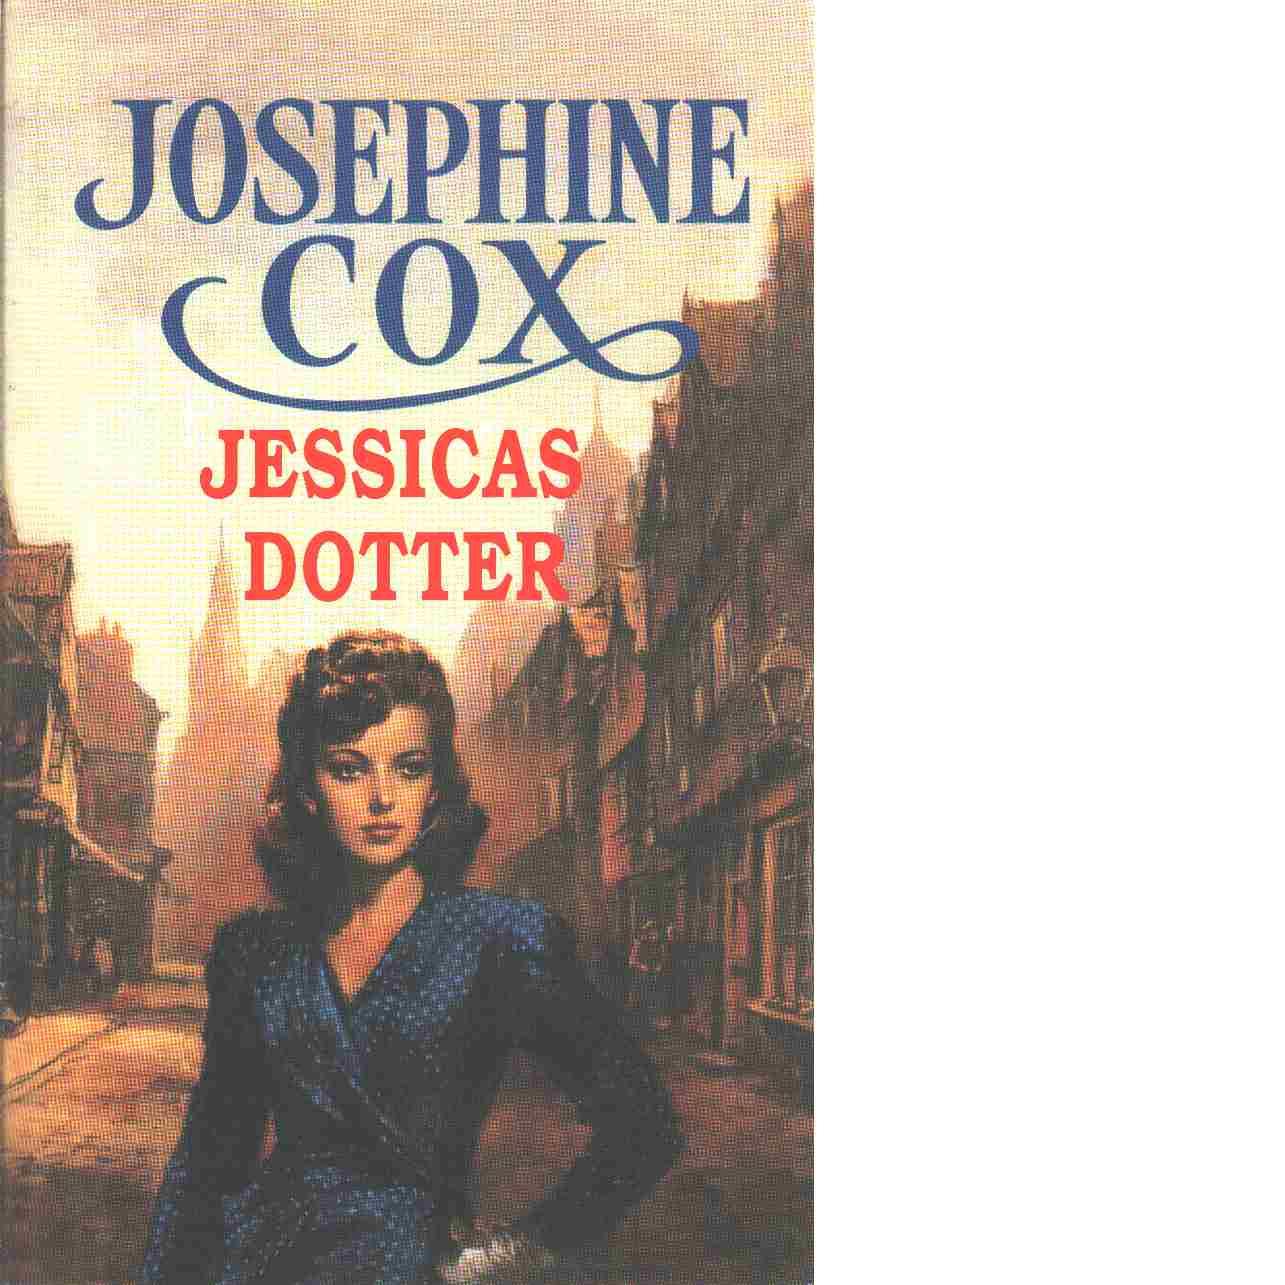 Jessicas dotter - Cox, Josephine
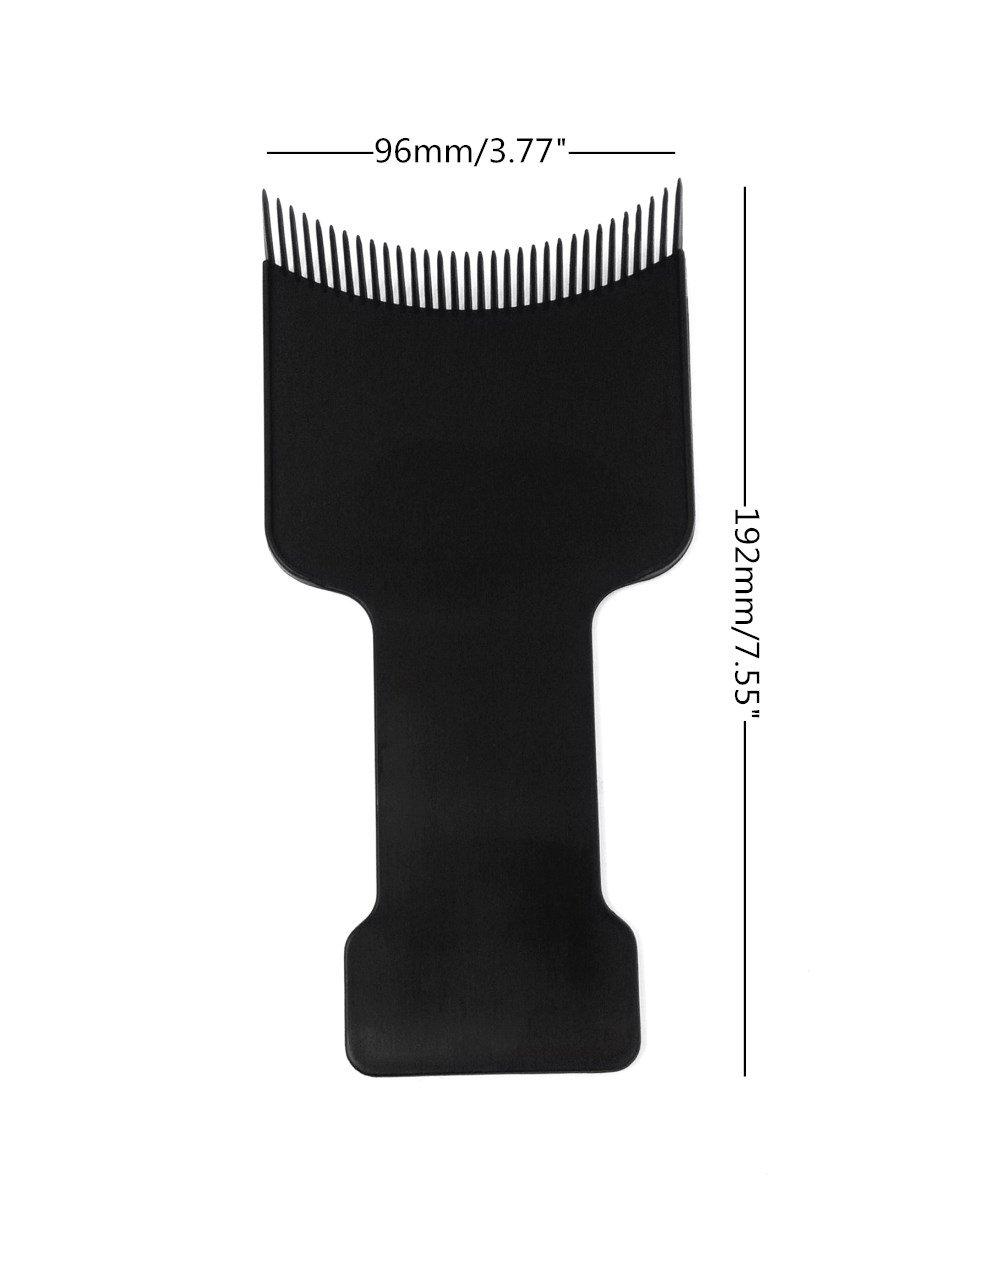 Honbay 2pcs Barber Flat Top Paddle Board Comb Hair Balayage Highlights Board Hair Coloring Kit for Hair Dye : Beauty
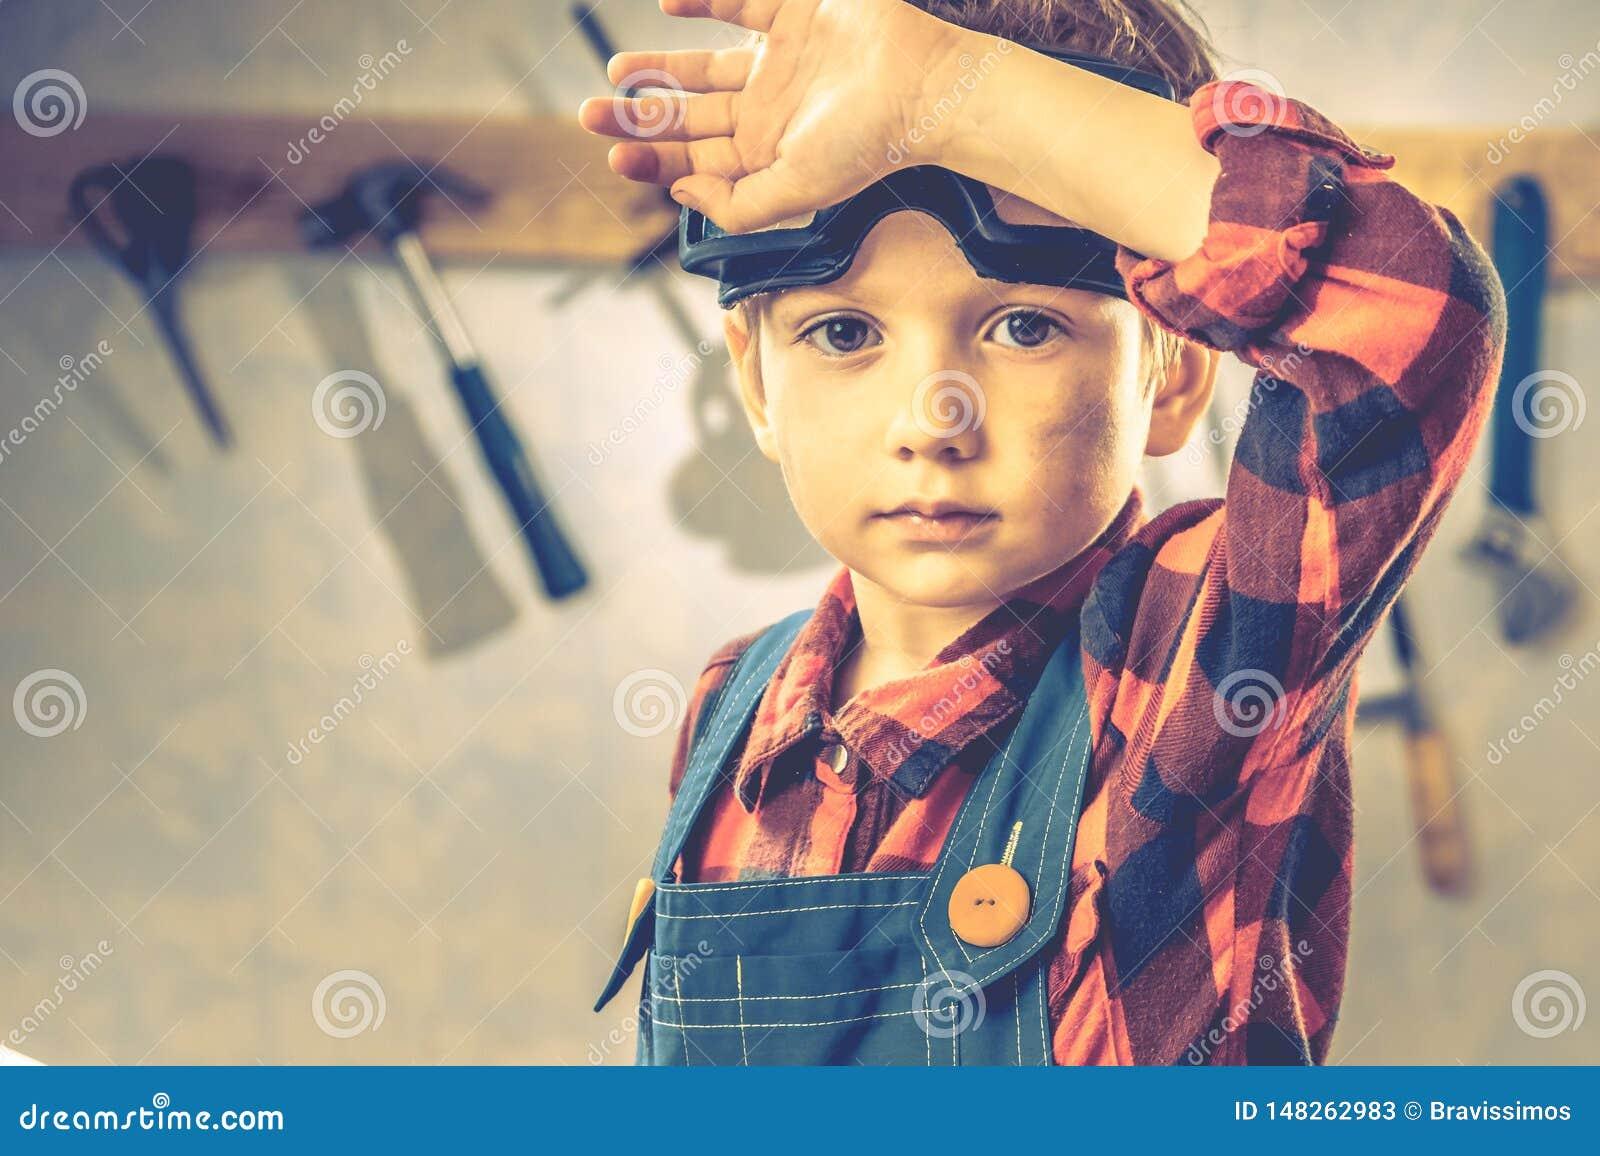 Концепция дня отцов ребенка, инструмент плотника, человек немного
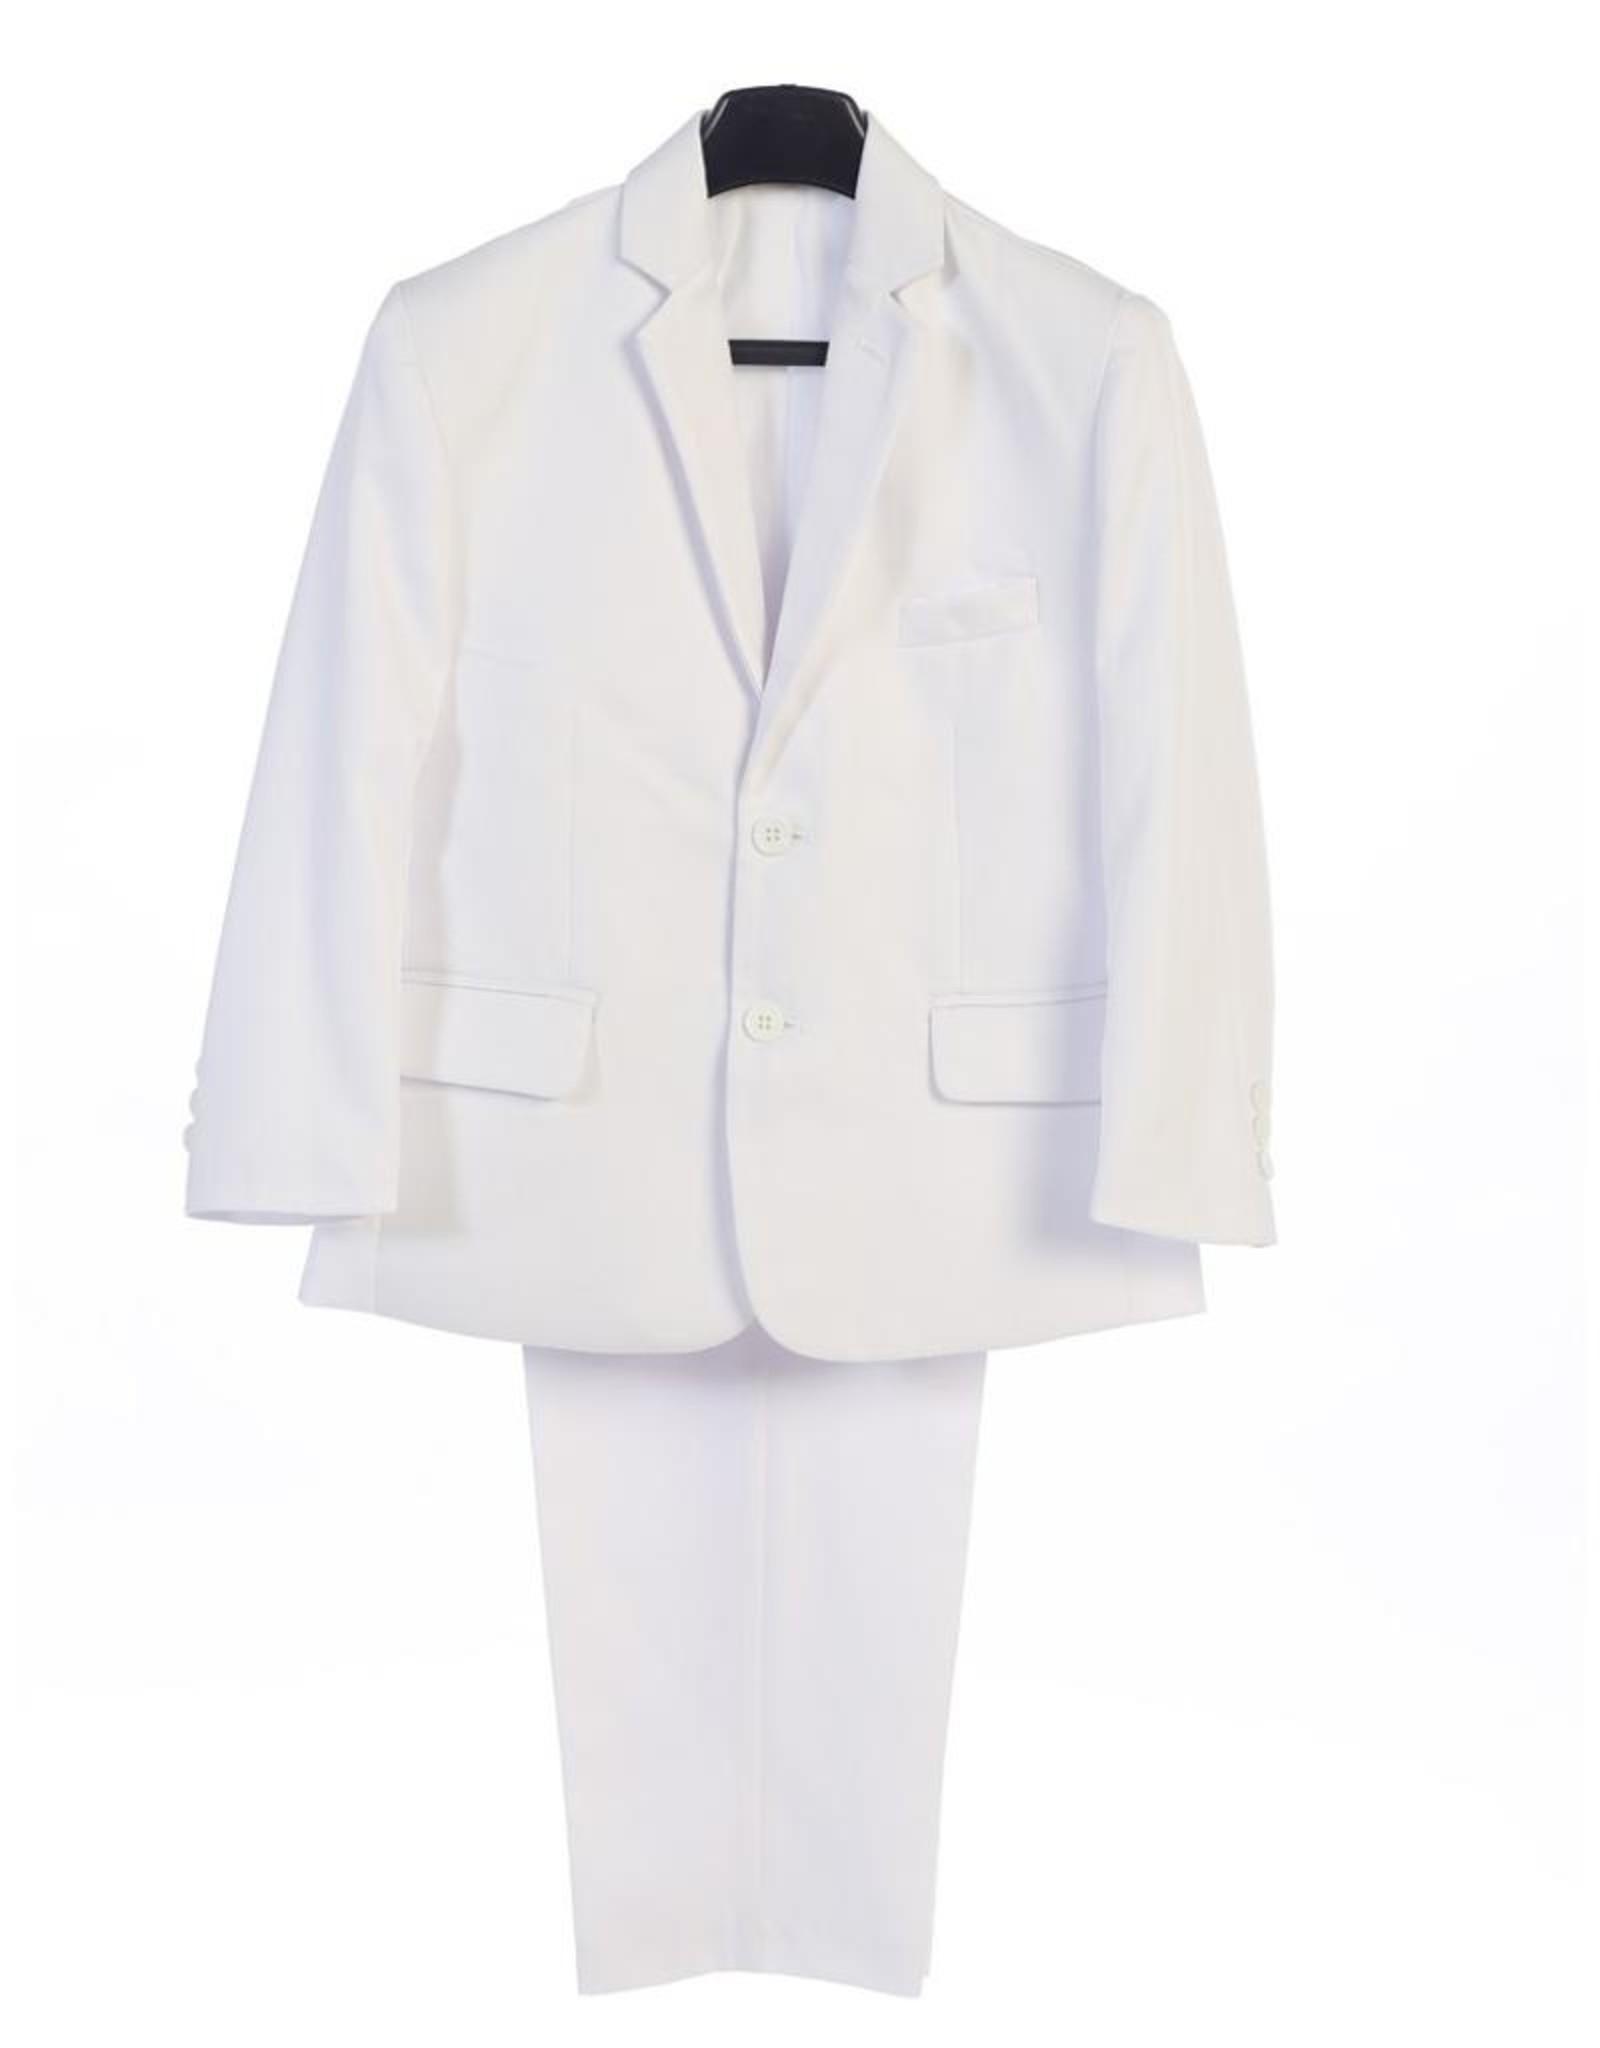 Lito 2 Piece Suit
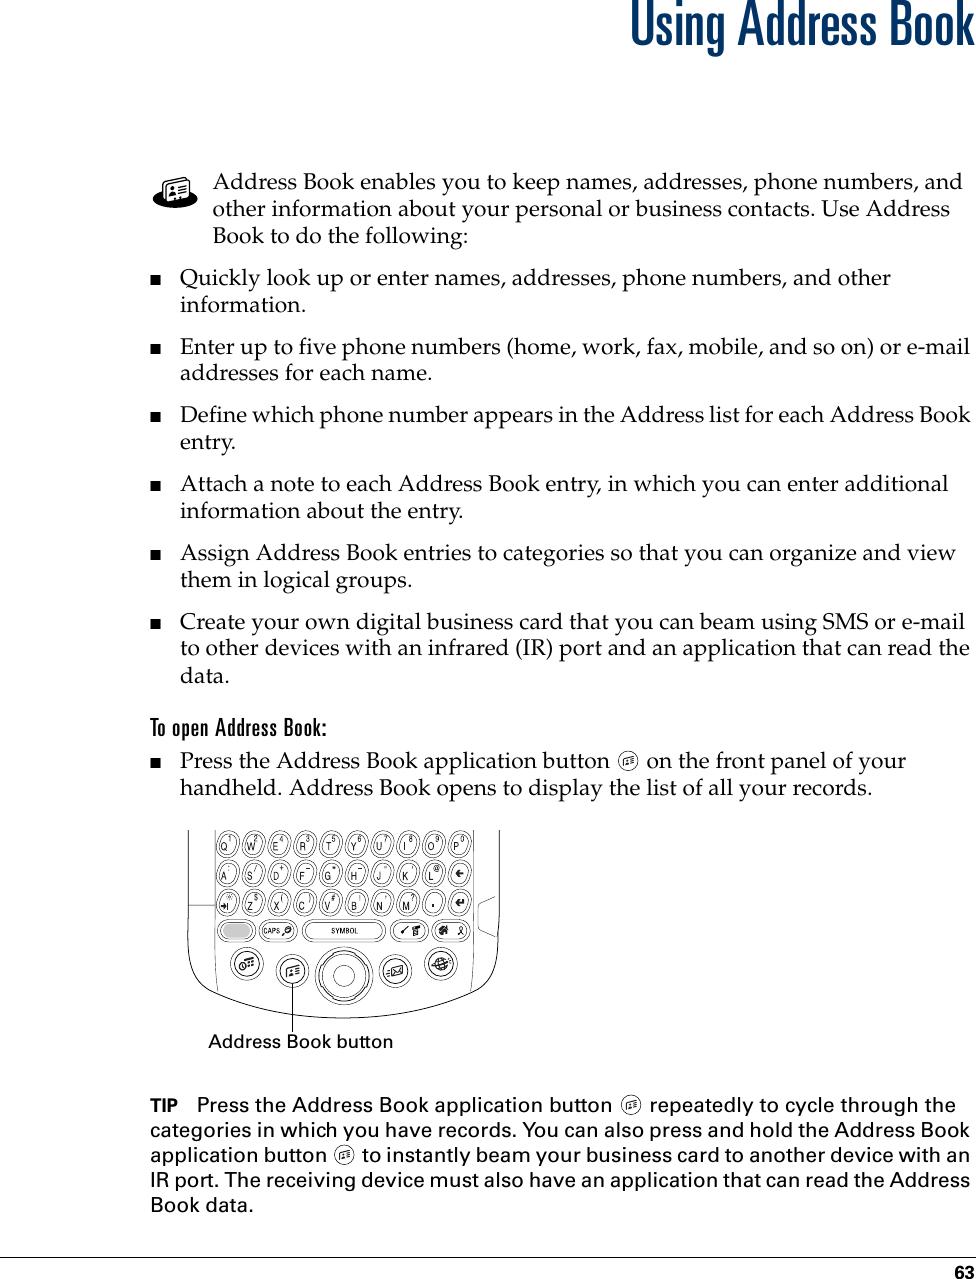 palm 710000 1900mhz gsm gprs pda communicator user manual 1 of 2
━━━
* **Activity**
Would you write out exactly the lines of the data from the one holding "Концепция дня отцов" to the final line, both included, with pictures left out?

* **Task answer**
 Концепция дня отцов ребенка, инструмент плотника, человек немного
 Lito 2 Piece Suit
 palm 710000 1900mhz gsm gprs pda communicator user manual 1 of 2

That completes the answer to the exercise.